Пересвет. Литературный сборник. № 1 — страница 6 из 13

L‘amor‘è facile,

Tutto è difficile…

Любовь — дело легкое, а все остальное так трудно…

* * *

По русски «кабачек» звучит далеко не поэтически. Чуется в этом слове тяжелый пивной, сивушный и махорочный дух, грязь лохмотьев и висящая в воздухе брань. Грязные и жалкие таверны можно найти повсюду. Но не в этих притонах нищеты и алкоголизма звучала гитара Пиппо. Сюда не мог повести своей дочери знаменитый римский певец.

Римский кабачек — нечто совсем особенное, нам незнакомое. Добрый хозяин любовно содержит его в чистоте, не жалея скатертей, пусть заплатанных, но все же чистых, и украшая его, чем Бог послал, антиком ли, выкопанным из земли, или собственным семейным портретом, а то аквариумом фонтанчиком, — благо великие воды бегут в Рим по старым акведукам с окружных гор.

В кабачке днем обедает средний чиновник, вечером он же приходит сюда с семьей или с приятелями. Обязателен столик, накрытый куском сукна, для игры в tresette, или в scopa, по одному сольдо партия. Острить и говорить о политике полагается громко, на все помещение, но ни один добрый падроне не позволит посетителю грубого слова или пьяных выкриков, — да и посетитель сам понимает это прекрасно.

Чем стариннее кабачек, тем в большем он почете; чем строже наблюдает хозяин, чтобы только избранные виноградники доставляли дары свои в подвал кабачка, — тем больше ценителей заглядывает в уют кабачка после захода солнца.

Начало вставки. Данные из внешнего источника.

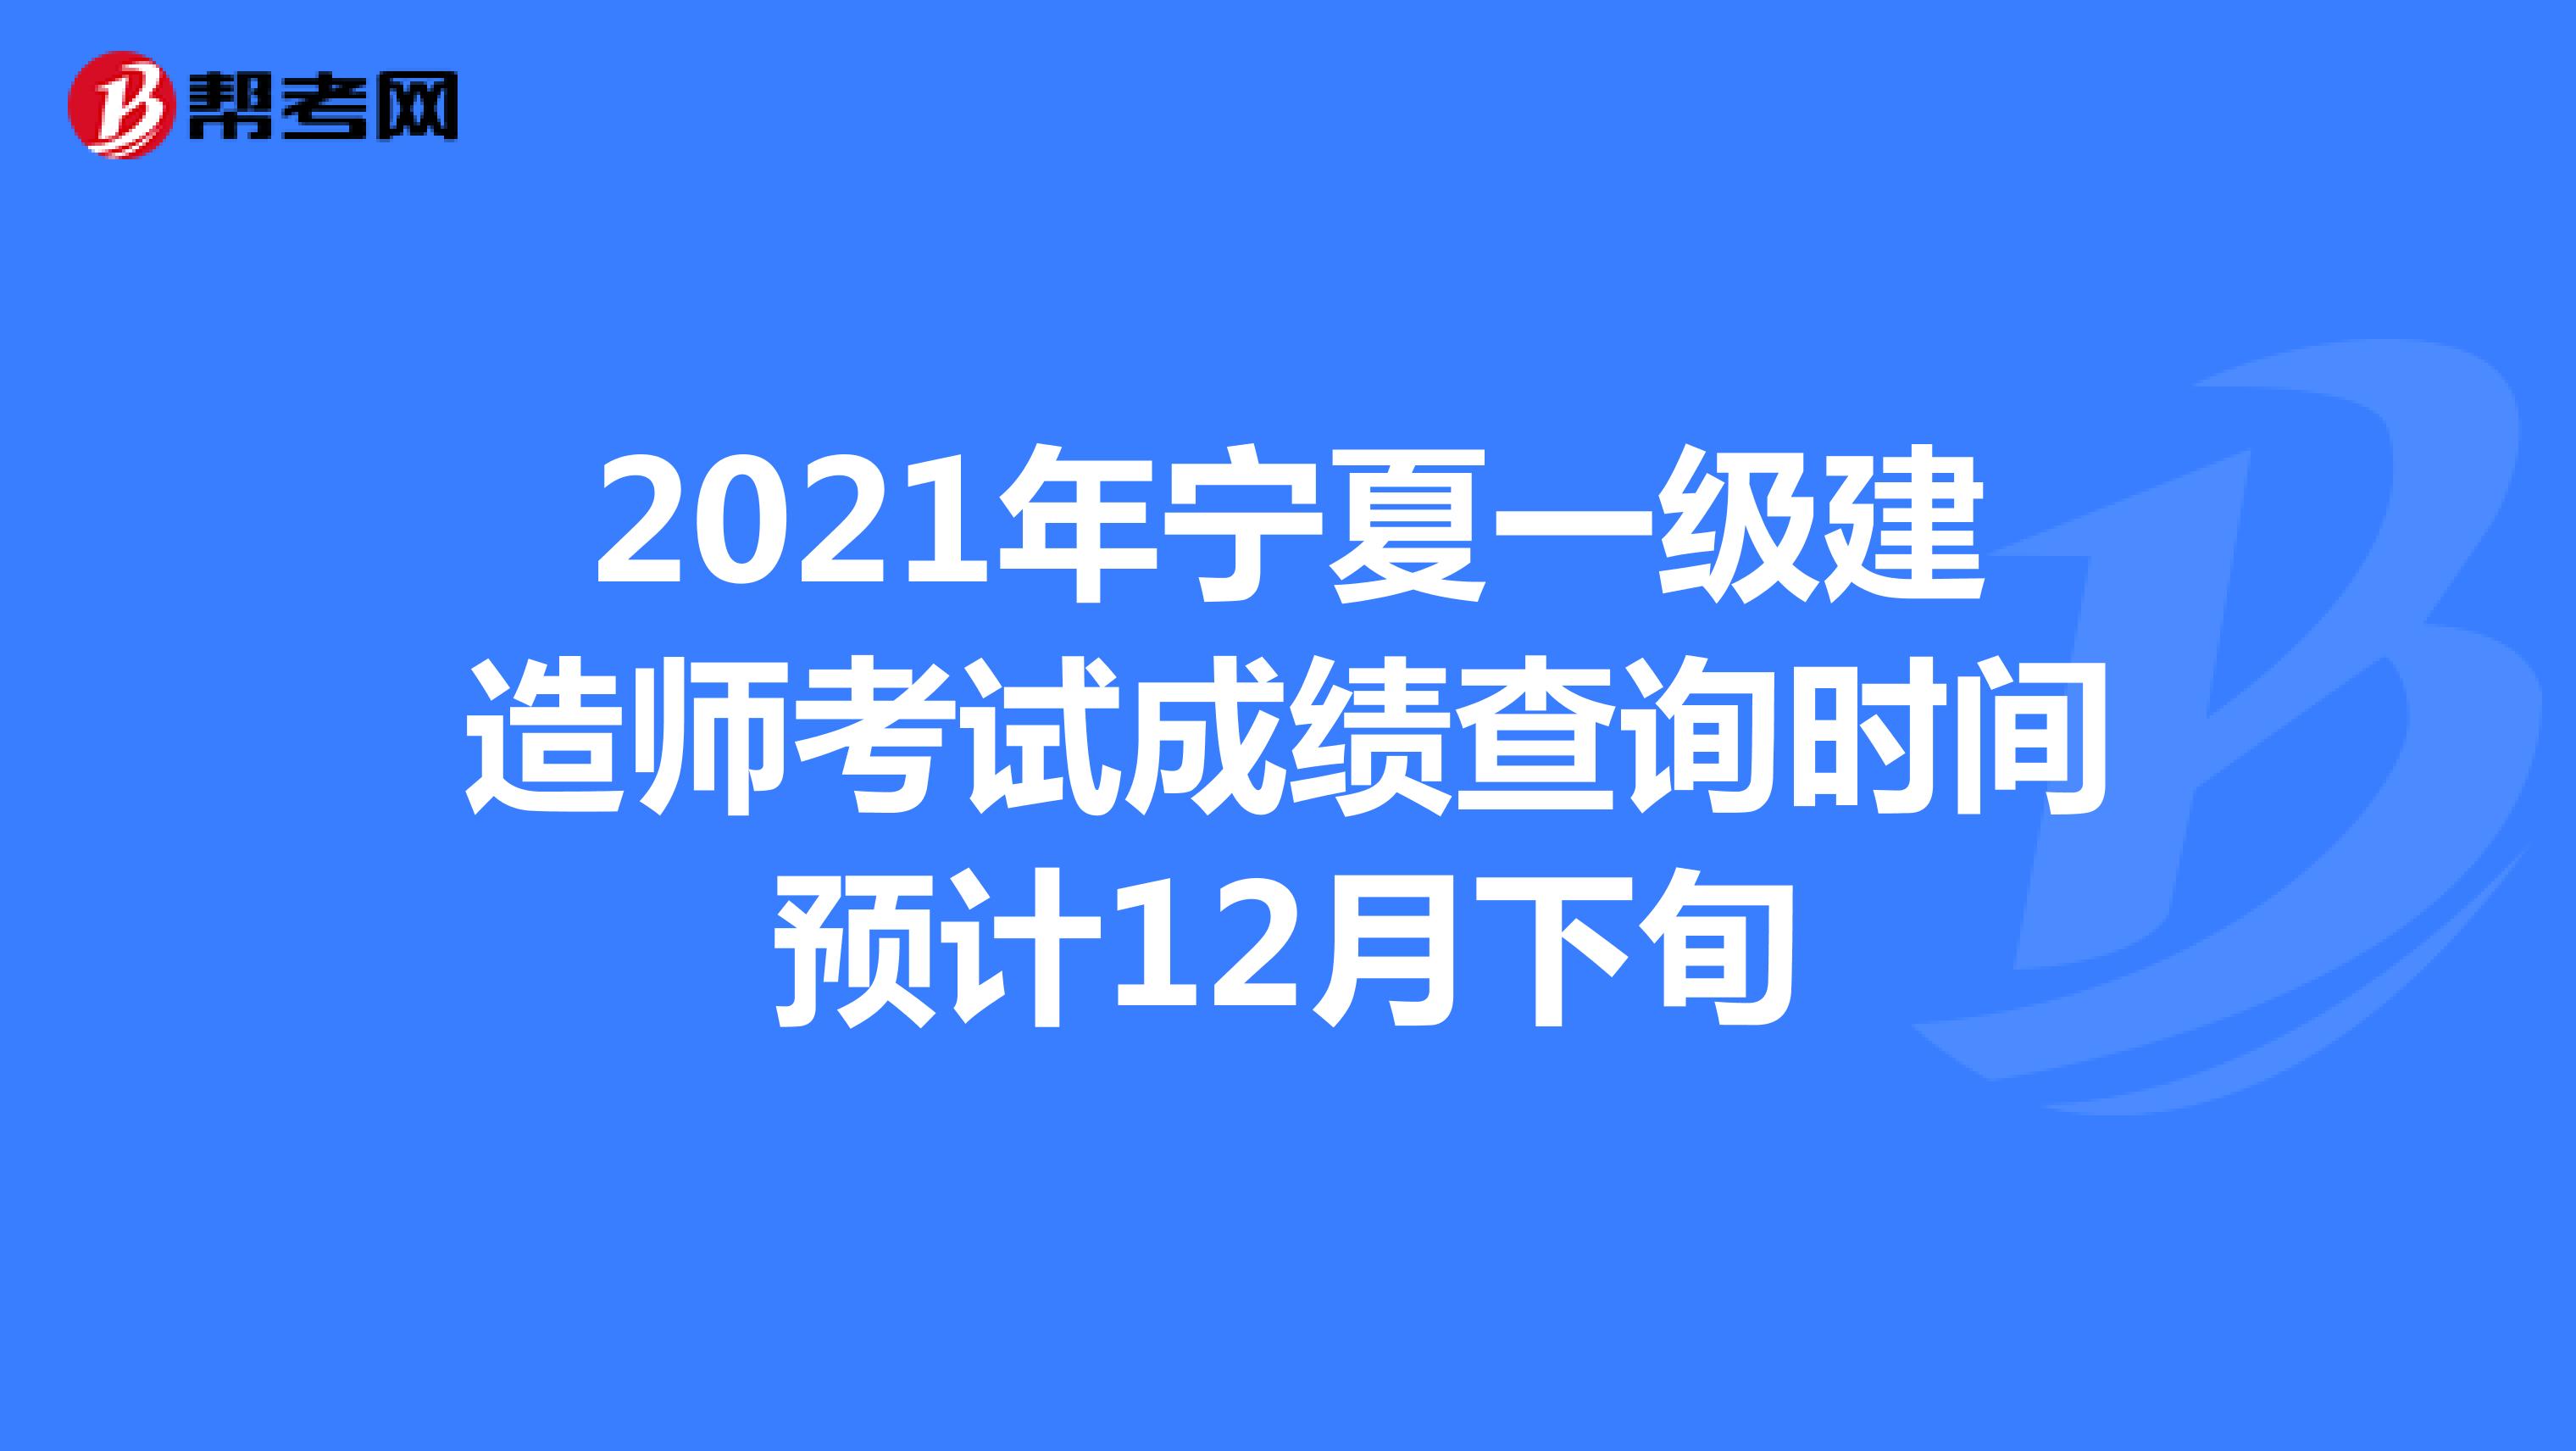 2021年宁夏一级建造师考试成绩查询时间预计12月下旬
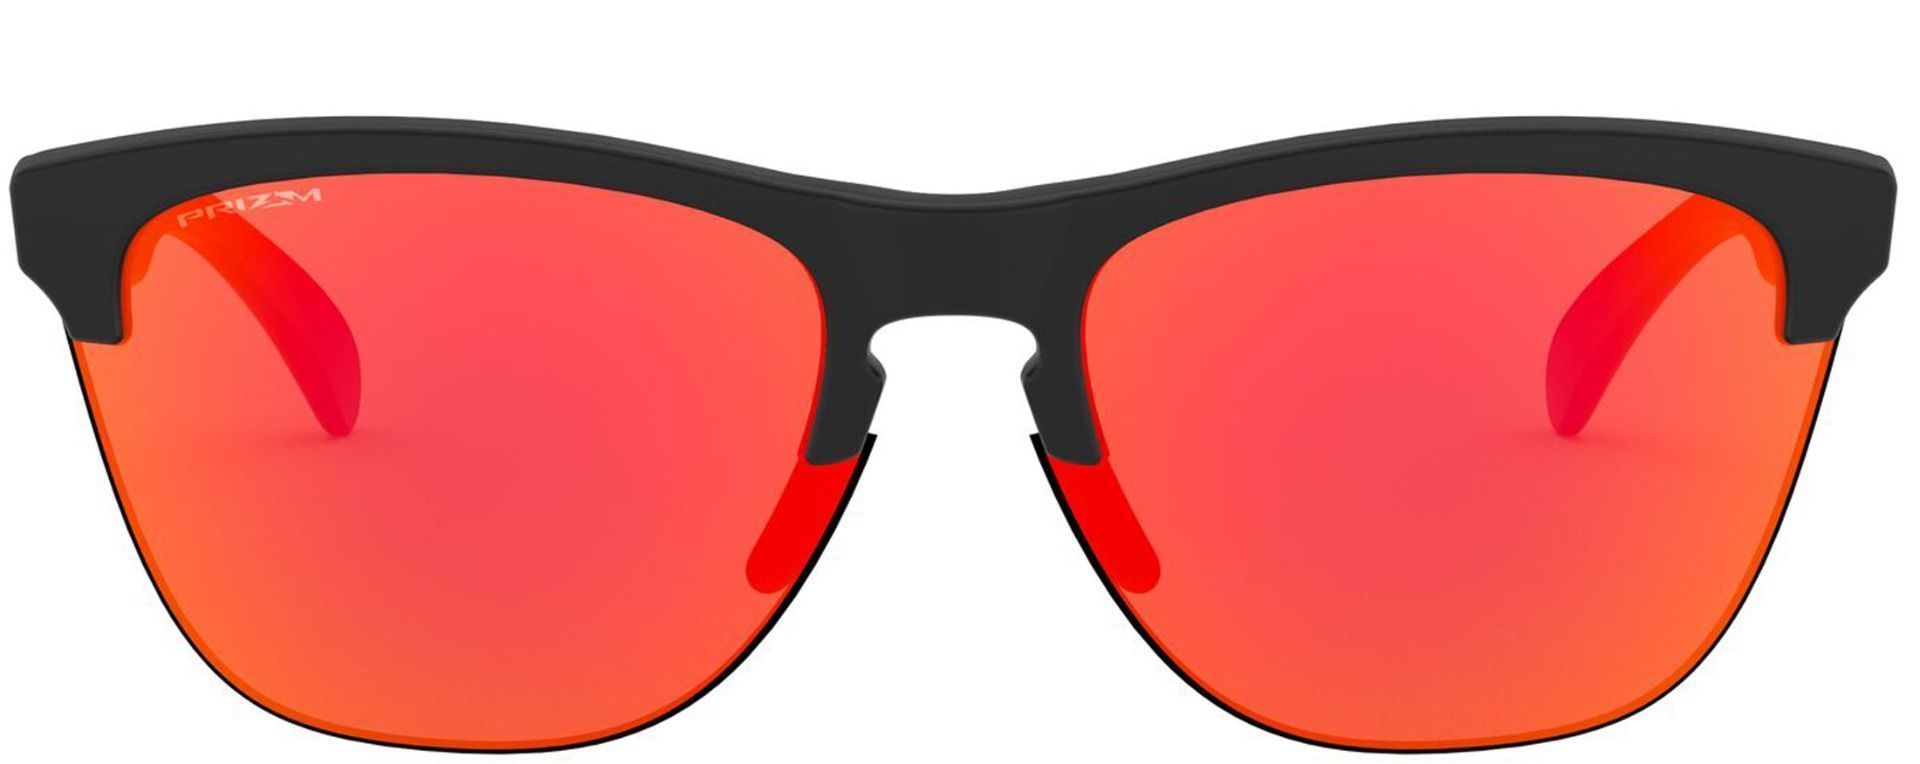 Oakley Frogskins Lite solbriller | Extra Optical

Но всегда доступными остаются цены, и синеблузник-рабочий не переплачивает из-за того, что кабачек полюбился и господину в манжетах.

В осенний сезон, когда Рим заполнен иностранцами, кабачки прихорашиваются и, конечно, теряют часть колорита. Настоящие habitués забиваются в угол и скучают, закрывшись листом «Messaggero» или «Griornale d‘Italia». Они ждут, когда волна иностранцев сбудет, и снова станут они первыми людьми земного рая. Разве немец или англичанин, забредшие сюда ради курьеза, понимают разницу между искристым Фраскати и степенным Гроттаферрата. И можно ли серьезно относиться к людям, которые ломанным языком спрашивают в будний день Асти Снуманте, обращая волшебный кабачек в шаблонный ресторан.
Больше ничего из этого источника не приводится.